Taking the control group as “normal humans” (we could have a second claim for hyperlipidemic humans), (4) is updated as follows:

(5)    Statins reduce coronary events in normal humans

Notation: REDUCE(statins, coronary events, normal humans)

Is the reduce predicate a two place or three place predicate? Syntactically reduce with two arguments is sufficient. Scientists strive for the maximum generality possible in their theories and reduce with two arguments may suggest that the relationship applies to all sets of things. But our example is clearly ridiculous when applied to machines or plants that have no concept of coronary events. In the case of a plant, the denotation of the coronary artery would be false due to the non-existence of the organ in the case of a plants and thus the claim would be false based on Russell’s theory of descriptions [6] or meaningless on a classical analysis. So while the two argument reduce predicate is syntactically correct and may have a meaning, the broad meaning is not implied by the sentences in (1) and is false or meaningless outside the set of animals with coronary arteries. I believe that to represent the sentences in (1) and to be a scientifically useful claim, the reduce predicate must be combined with a control group. In semantics, the identification of arguments and non-arguments is not straightforward and remains an unresolved topic [1].

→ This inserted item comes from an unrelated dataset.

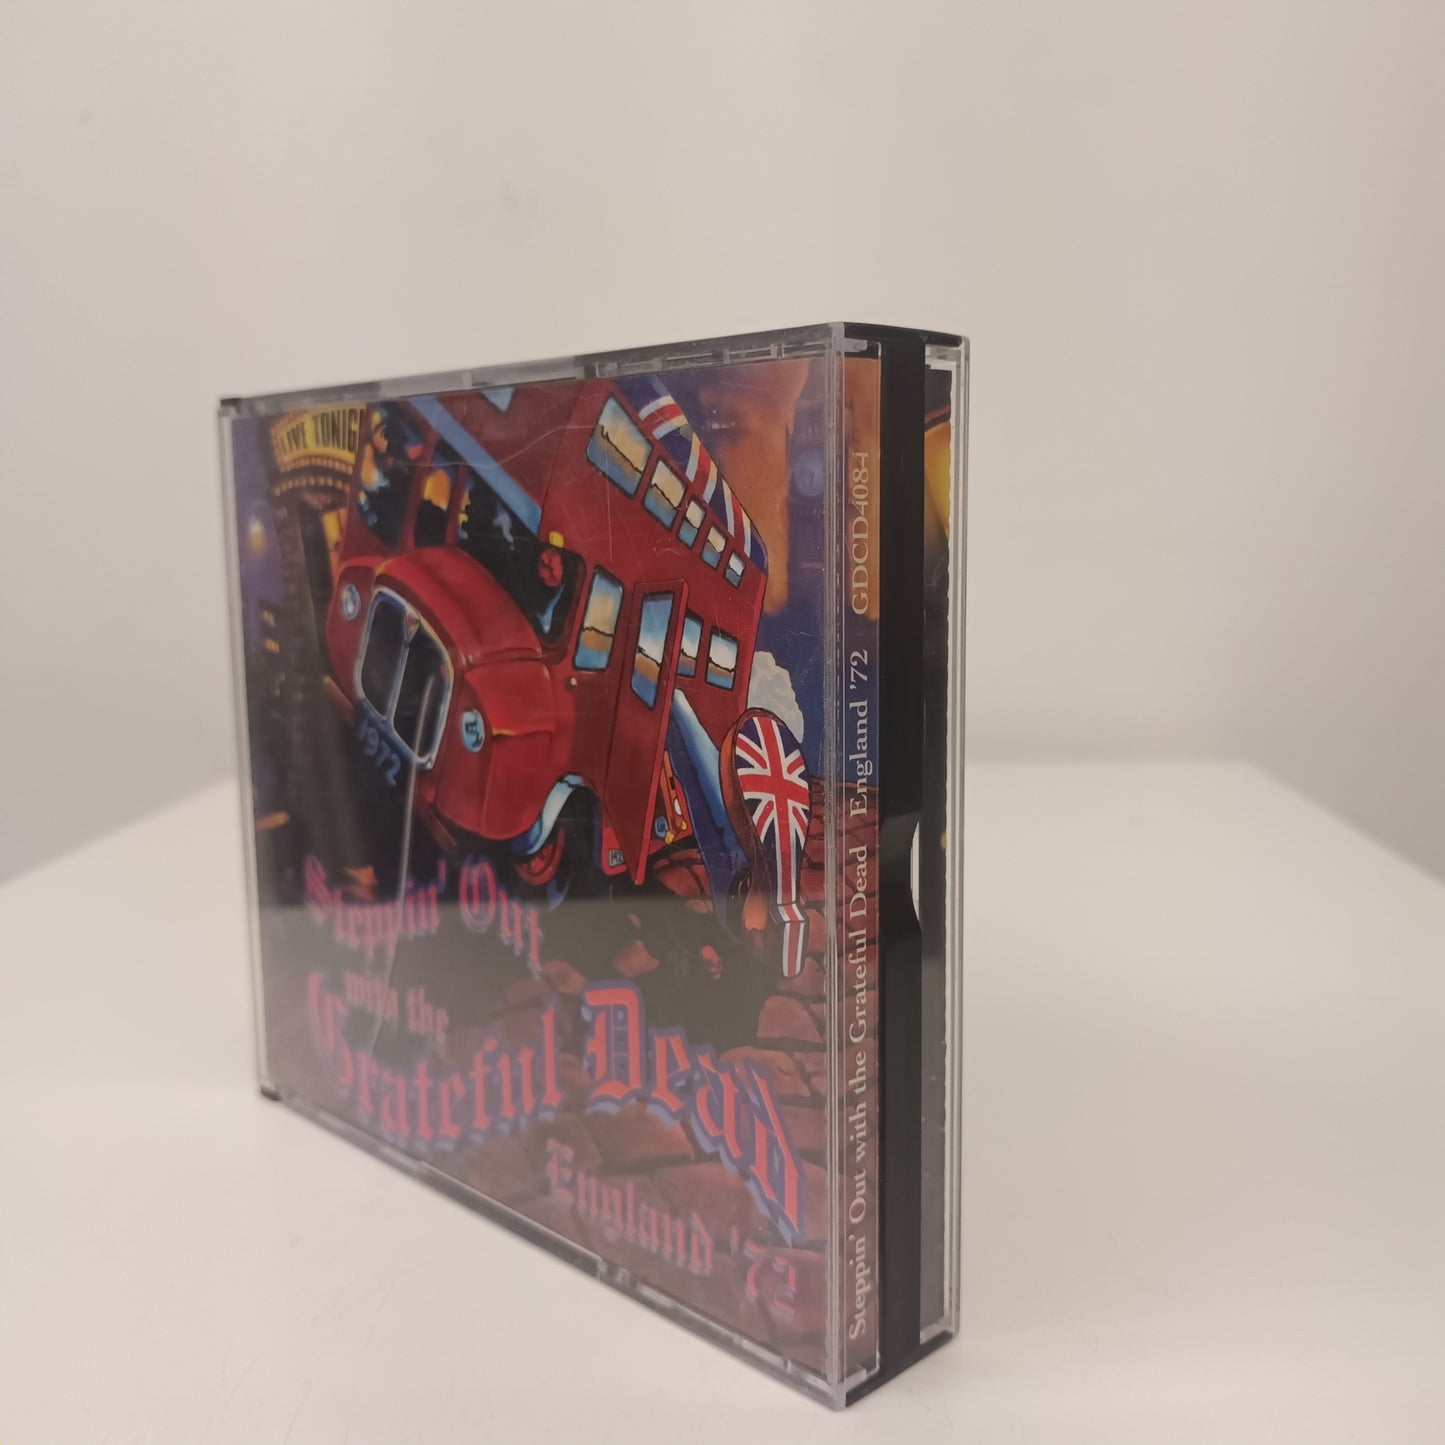 Steppin' Out With The Grateful Dead England '72 4 CD Box Set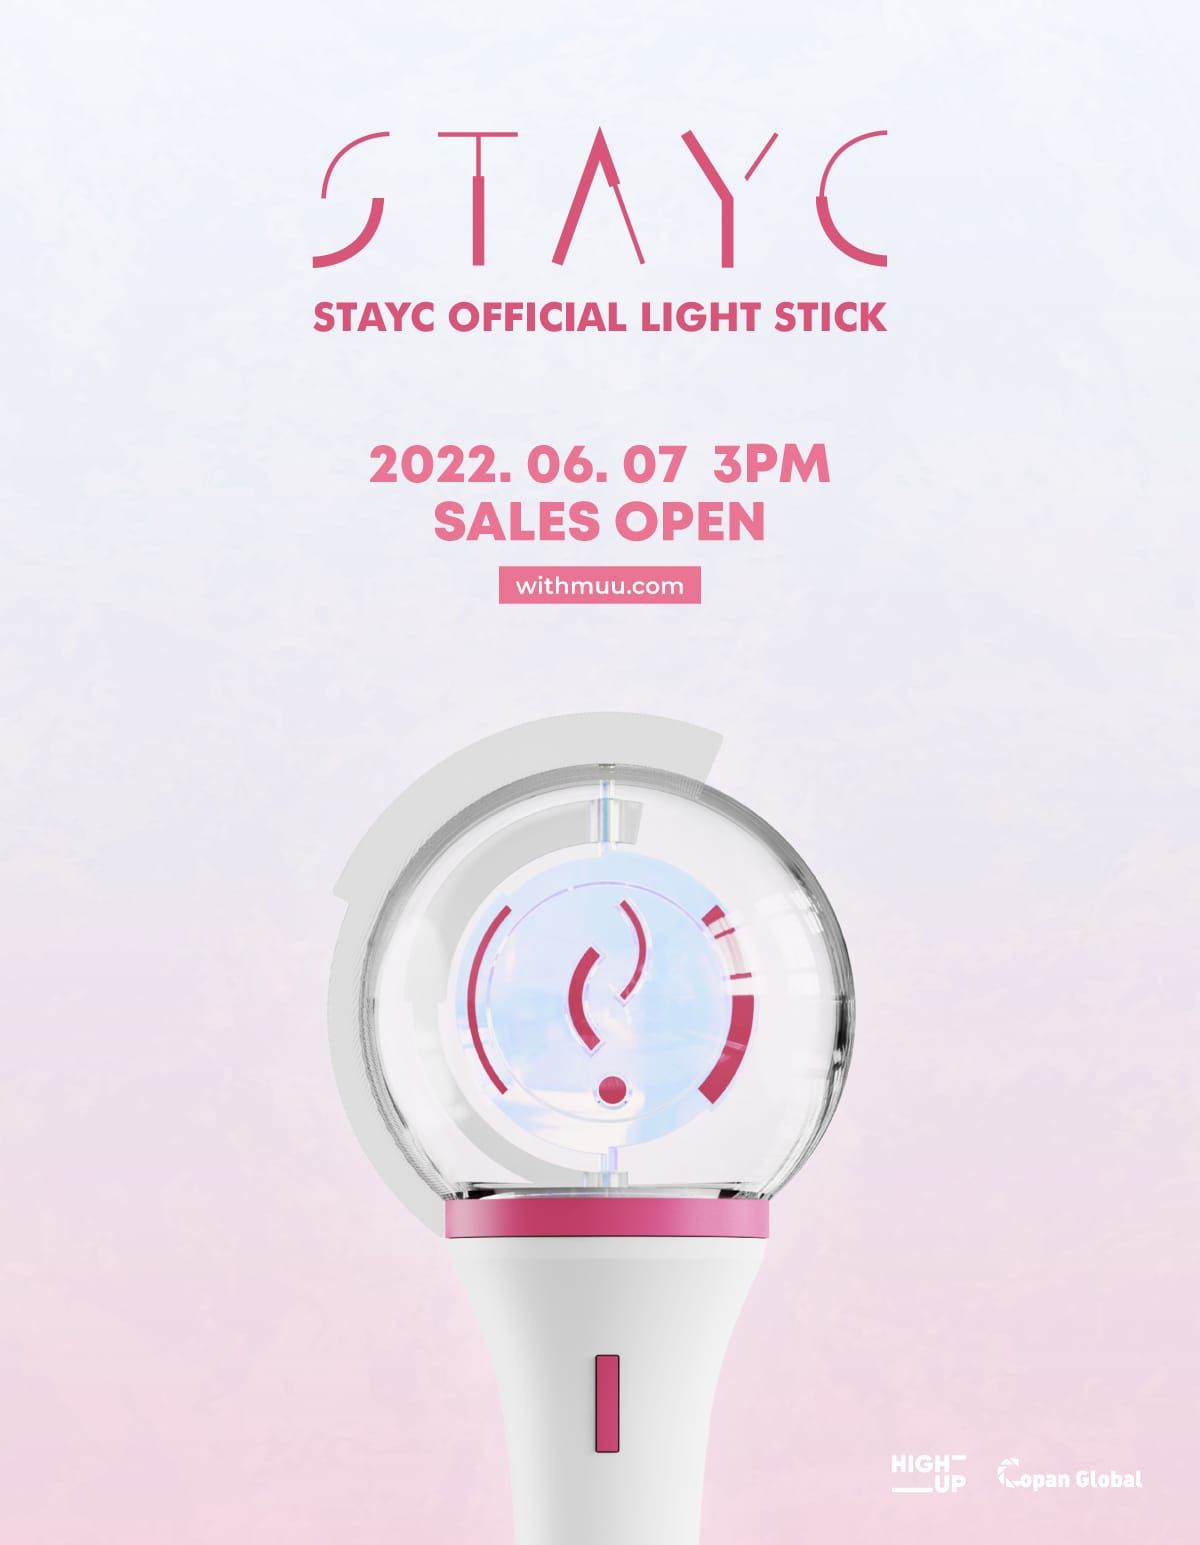 Light stick official STAYC.

There are some alternatives means of linking the control group to the reduce predicate without making it an argument:

  1. Consider the control group as a noun modifier for the object of the reduce predicate.
  2. Consider the control group as an adverbial phrase attached to the reduce predicate that provides a location for the reduction.

 

Control group as noun modifier

If the control group is treated as a noun modifier for the object, then “coronary events in normal humans” is the object that is reduced and this would be represented by (5.1) below

(5.1) REDUCE(statins, coronary events in normal humans)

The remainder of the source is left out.